Single- versus Multiobjective Optimization for Evolution of Neural Controllers in Ms. Pac-Man

Evolutionary Computing Laboratory, School of Engineering and Information Technology, Universiti Malaysia, Jalan (UMS), 88400 Kota Kinabalu, Sabah, Malaysia

Received 19 September 2012; Revised 14 December 2012; Accepted 4 January 2013

Academic Editor: Abdennour El Rhalibi

Copyright © 2013 Tse Guan Tan et al. This is an open access article distributed under the Creative Commons Attribution License, which permits unrestricted use, distribution, and reproduction in any medium, provided the original work is properly cited.

Abstract

The objective of this study is to focus on the automatic generation of game artificial intelligence (AI) controllers for Ms. Pac-Man agent by using artificial neural network (ANN) and multiobjective artificial evolution. The Pareto Archived Evolution Strategy (PAES) is used to generate a Pareto optimal set of ANNs that optimize the conflicting objectives of maximizing Ms.

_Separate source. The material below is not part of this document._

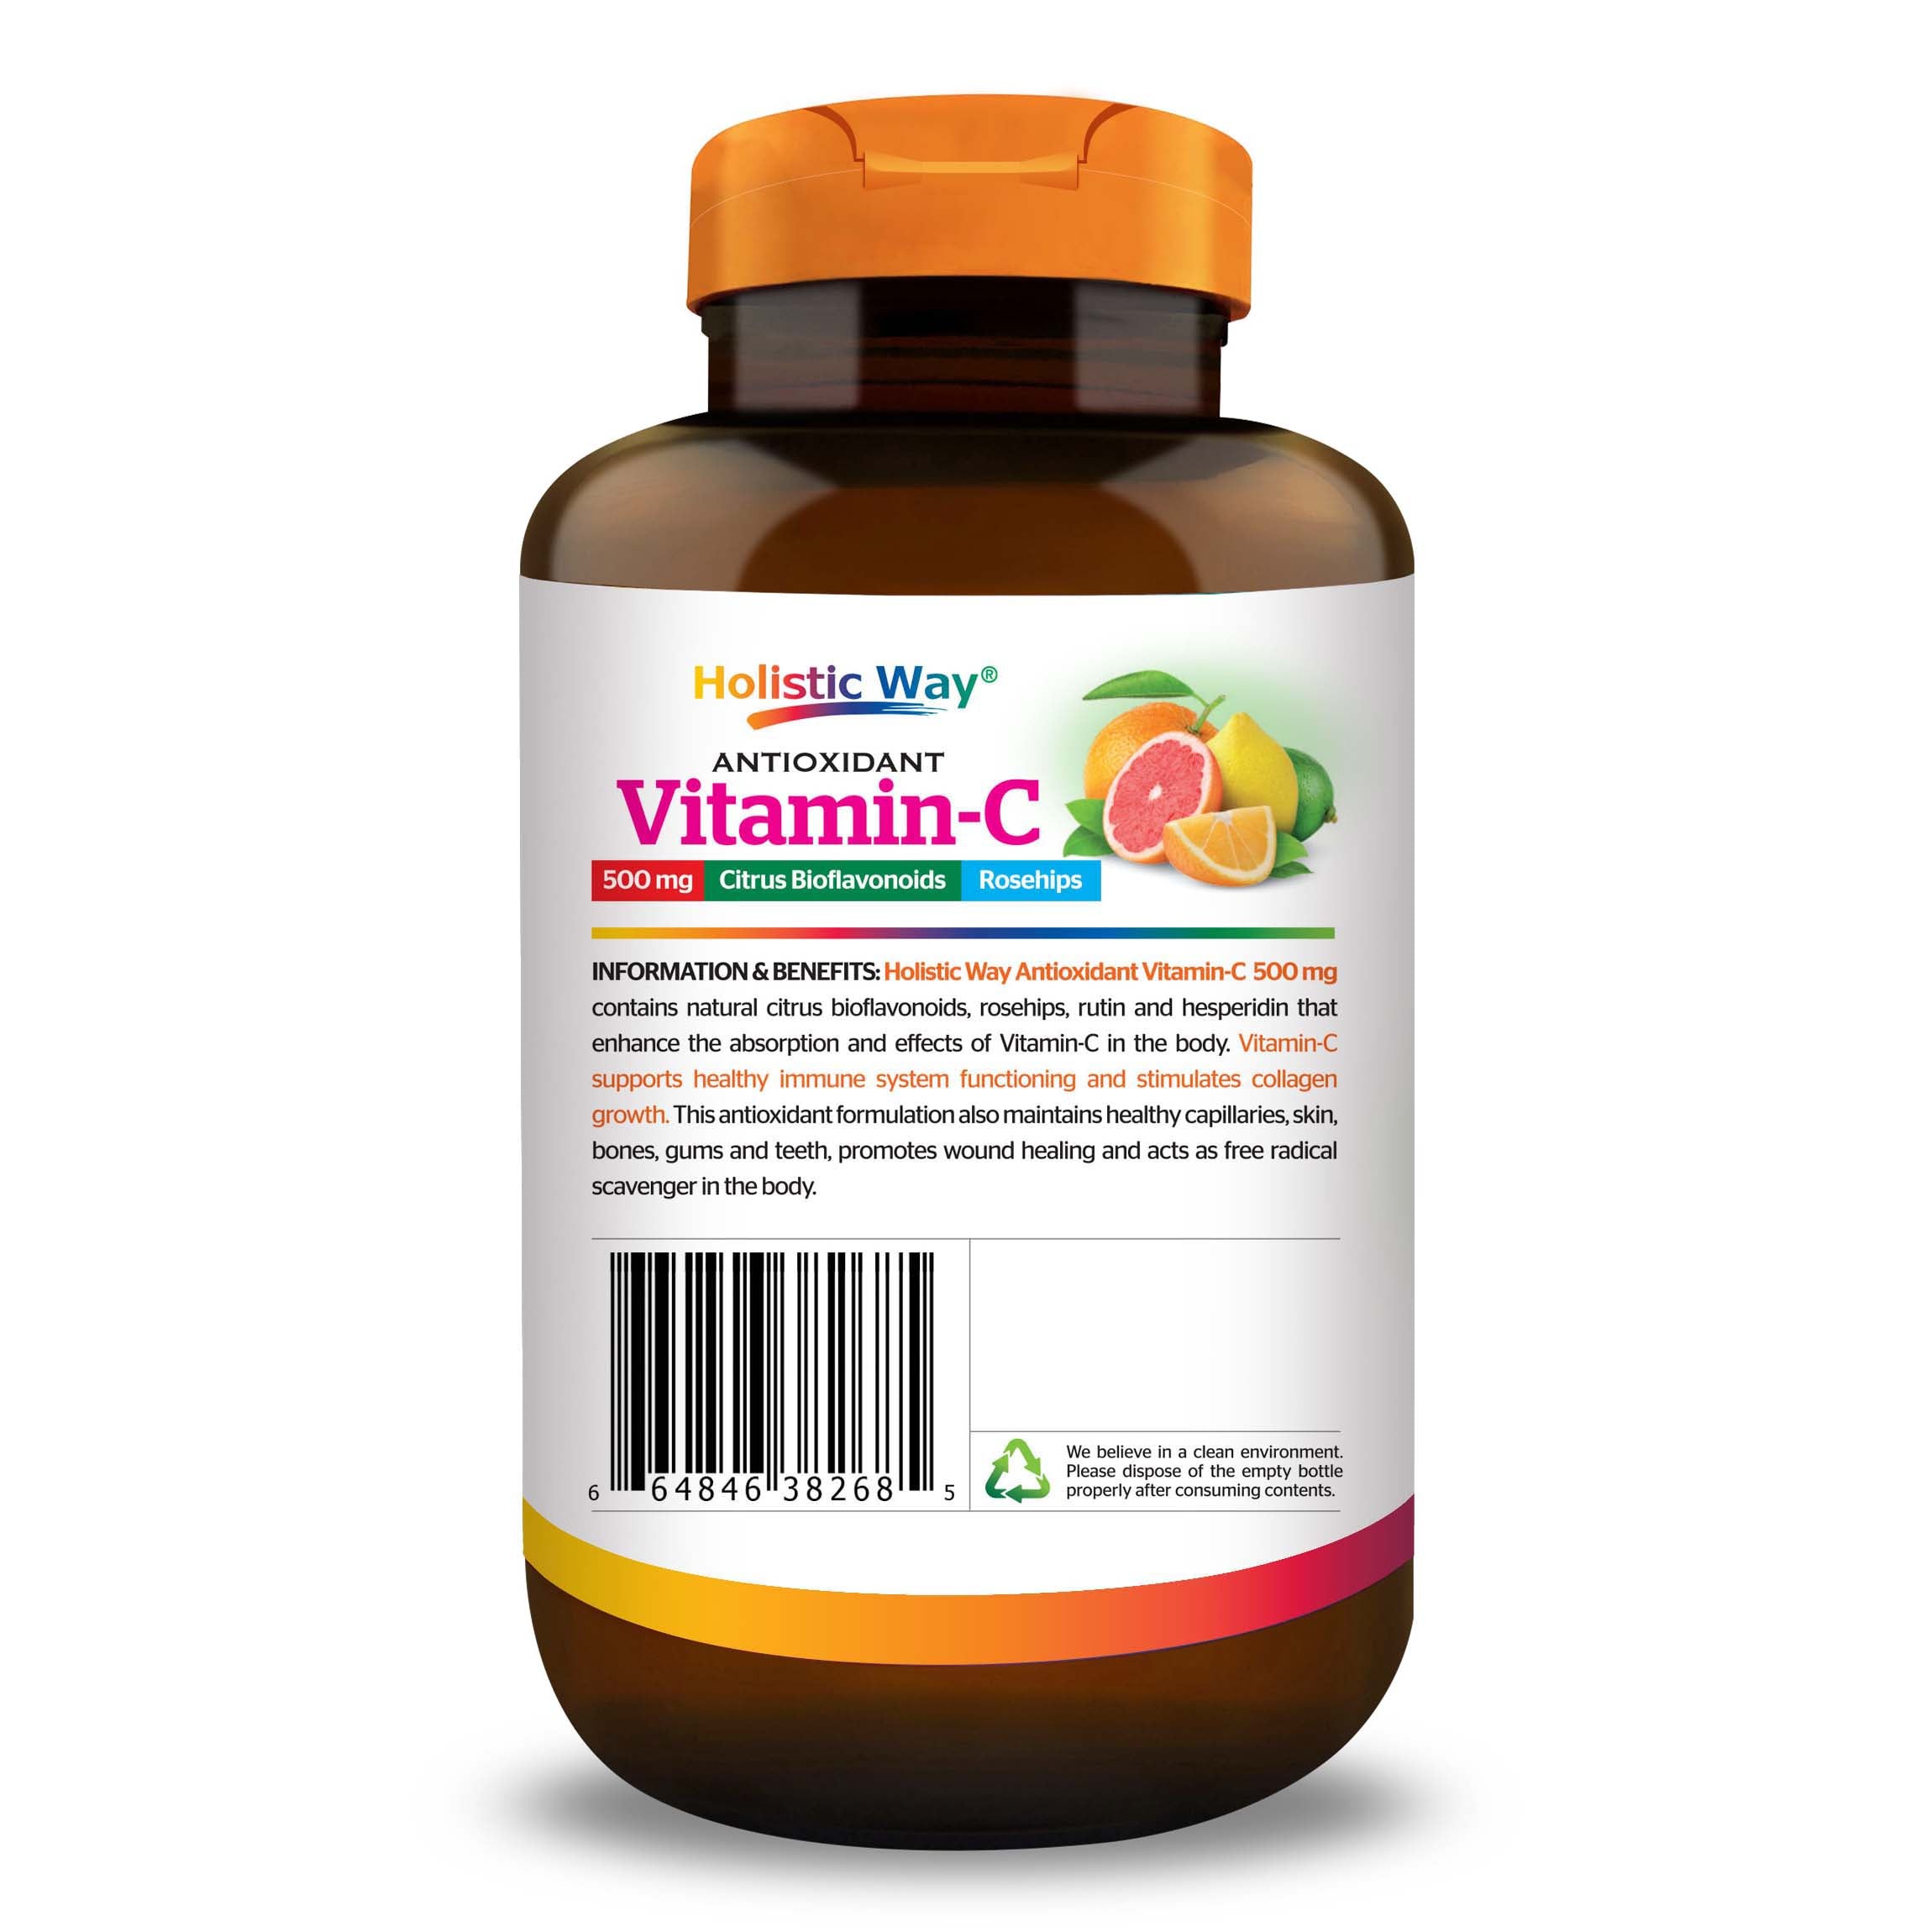 Holistic Way Antioxidant Vitamin-C 500mg (100 Caplets)

Pac-Man scores (screen-capture mode) and minimizing neural network complexity. This proposed algorithm is called Pareto Archived Evolution Strategy Neural Network or PAESNet. Three different architectures of PAESNet were investigated, namely, PAESNet with fixed number of hidden neurons (PAESNet_F), PAESNet with varied number of hidden neurons (PAESNet_V), and the PAESNet with multiobjective techniques (PAESNet_M). A comparison between the single- versus multiobjective optimization is conducted in both training and testing processes. In general, therefore, it seems that PAESNet_F yielded better results in training phase. But the PAESNet_M successfully reduces the runtime operation and complexity of ANN by minimizing the number of hidden neurons needed in hidden layer and also it provides better generalization capability for controlling the game agent in a nondeterministic and dynamic environment.